- Born: April 22, 1869 Aberdeen, Scotland
- Died: October 10, 1932 (aged 63) Victoria County, New Brunswick, Canada
- Spouses: ; Agnes Dunbar ​ ​(m. 1902; died 1911)​ ; Evelyn Whyte ​(m. 1930)​

= Archibald Fraser (industrialist) =

Archibald Fraser (April 22, 1869 - October 10, 1932) was a Scottish-born industrialist in New Brunswick involved in the forest and pulp and paper industries.

The son of Donald Fraser, he was born in Aberdeen and came to New Brunswick with his family four years later. His father had entered the lumber business by 1877 and, in 1884, Archibald and his brother Donald Jr. joined the family business. In 1917, they formed Fraser Companies Limited. The business expanded to include sawmills in New Brunswick and Quebec and sulphite pulp mills in Edmundston and Chatham. Fraser also served as a director of the Royal Bank of Canada, the New Brunswick Telephone Company, the Maritime Trust Company of Saint John and the Rolland Paper Company (now a division of Cascades).

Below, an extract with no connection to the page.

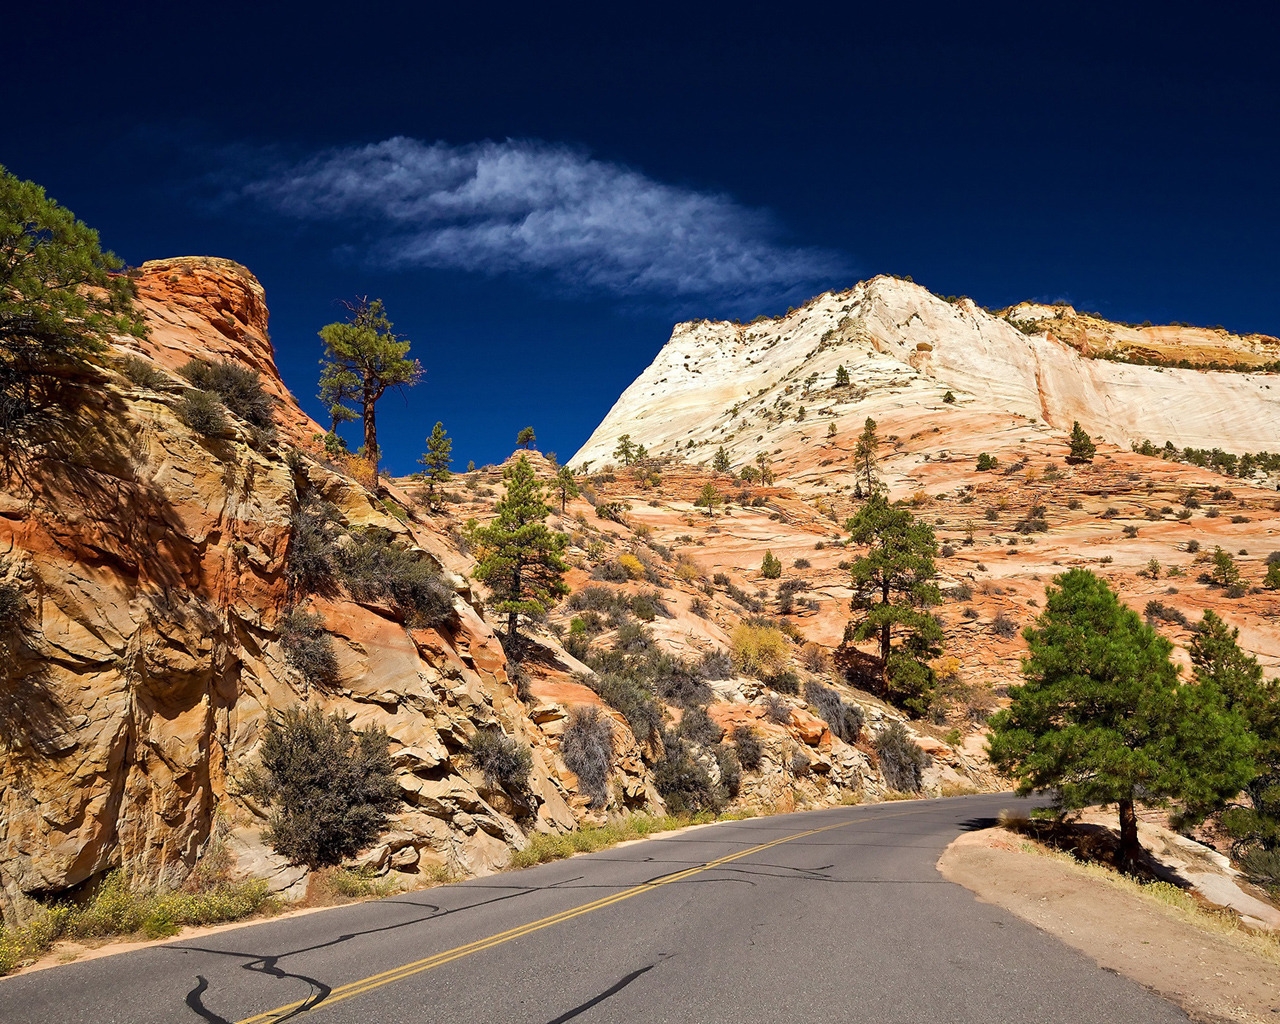 Desert Road for 1280 x 1024 resolution

He was married twice: first to Agnes Dunbar in 1902 (she died in 1911) and then, in 1930, to Evelyn Whyte.

Fraser died suddenly of a heart attack at the age of 63 on a holiday weekend at his hunting lodge near Nictau in Victoria County, New Brunswick.

At the time of his death, he was president of Fraser Companies, Limited, of Fraser Paper, Limited, of the Restigouche Company, Limited and of Snowflake Lime Limited.

In October 2000, a plaque commemorating Archibald Fraser was unveiled at Edmundston.